Arrow-right Camera


Sun., Jan. 28, 2007, midnight

Our View: Skewing prejudice

It would be nice if people who tossed around the term “reverse discrimination” were worried about prejudice to begin with.

But that doesn’t seem to be the case with some critics of a Washington state bill that would grant same-sex couples some of the same rights and benefits that are bestowed upon couples with a marriage certificate.

Among other things, the bill would grant members of same-sex couples hospital visitation rights and allow them to make decisions about organ donations and funerals.

To qualify, couples would have to sign up on a state registry and prove that they live together and that both members are at least 18 years old.

The bill would also apply to heterosexual couples with one member who is at least 62. Many older couples don’t marry because it could cost them some or all of certain pension and Social Security benefits.

The legislation has provided a shallow “aha!” moment for opponents who note that it should also apply to other caregivers, such as grandparents and siblings.

“This bill grants to domestic partners a package of rights it fails to grant to many other kinds of relationships,” said Bishop Joseph Tyson, of the Washington State Catholic Conference.

Hence, the cry of “reverse discrimination.” Of course, in the case of same-sex couples, this bill would not be necessary if the government didn’t discriminate in the first place when it came to who may marry whom.

The reality is that government grants special rights to those who have a marriage certificate. A wife can visit a hospitalized husband with no questions asked. She can make decisions related to medical procedures, organ donations, autopsies and funerals. An unmarried partner cannot.

Lawmakers learned in testimony on Thursday that a woman who recently lost her partner of 10 years wasn’t allowed to visit her in the hospital until a family member granted approval. Even then, she ran into legal roadblocks when it came to planning a funeral and donating retinas.

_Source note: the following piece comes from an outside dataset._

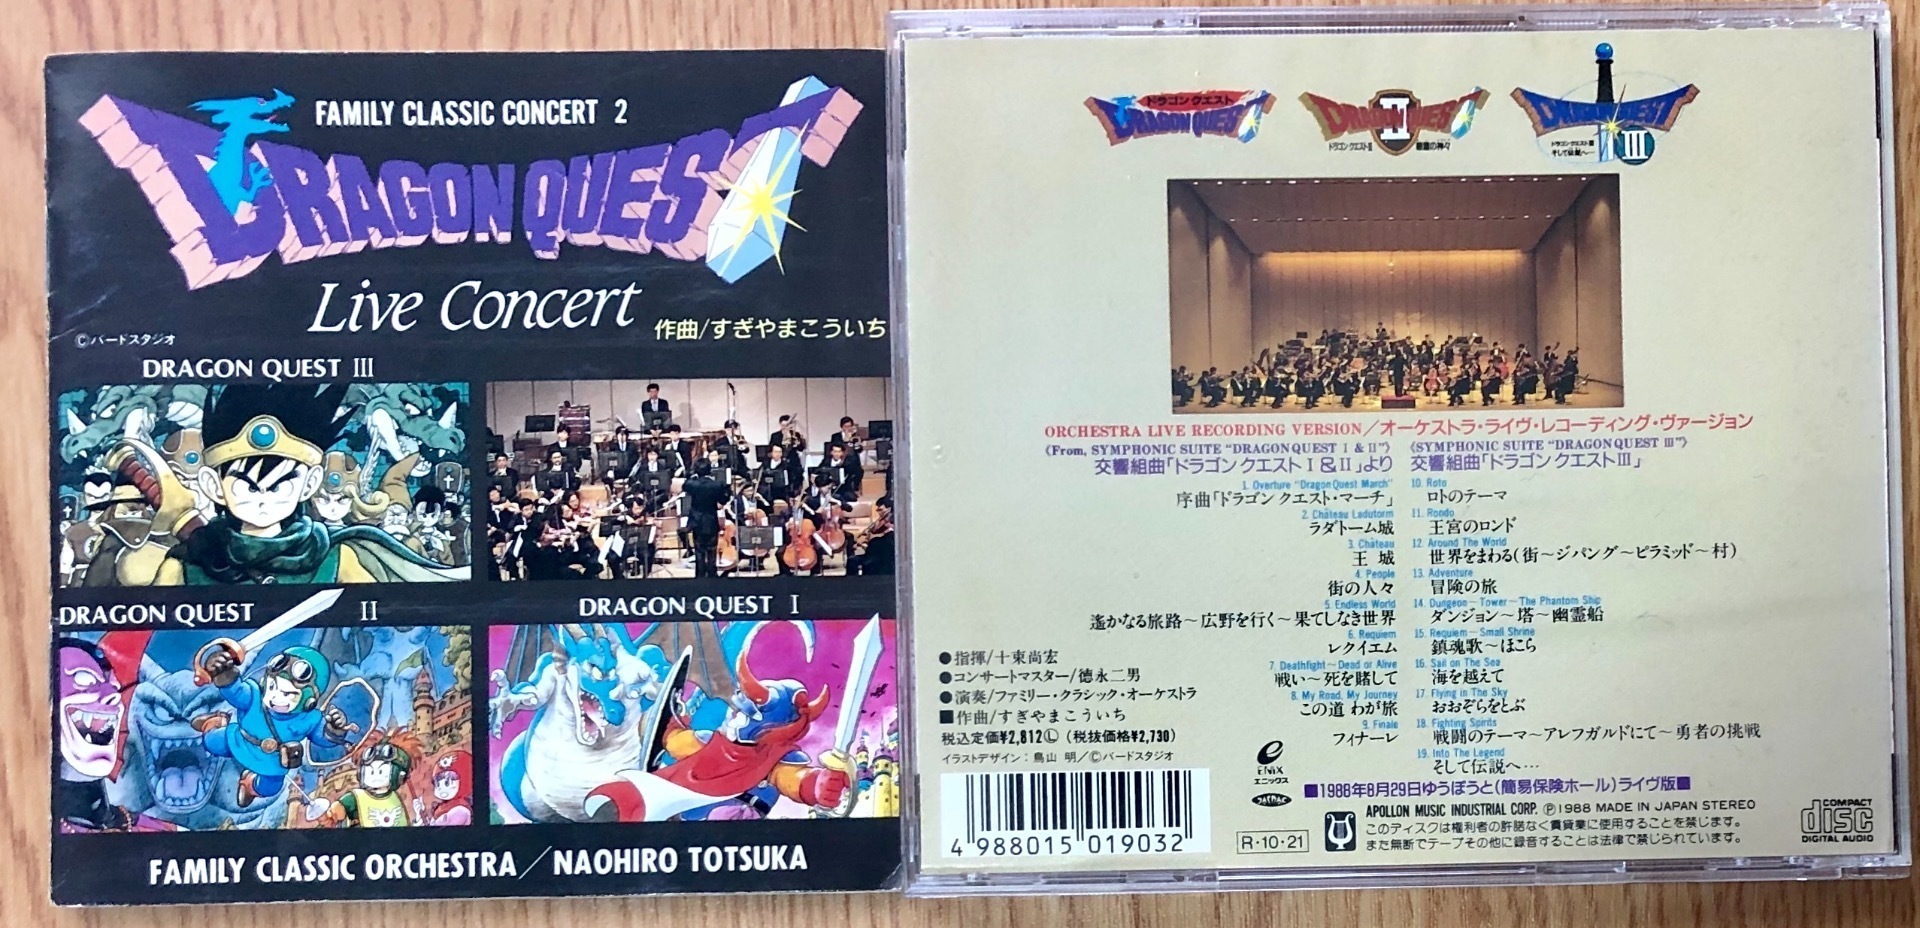 1988年の貴重なライヴ音源～NHK交響楽団のメンバーによるドラゴンクエスト・ライヴ・コンサート: こだわりの挽きたてクラシックカフェ

Allowing same-sex couples to marry would eliminate the need for a domestic partnership bill (though problems for elderly couples would continue).

But those who cry “reverse discrimination” want no part of that. In fact, they fear this bill will signal the demise of their preferred form of favoritism.

A companion bill calls for the legalization of same-sex marriage. It’s doubtful it can pass at this time, but perhaps a domestic partnership law would educate the public on the discriminating effects of our marriage laws.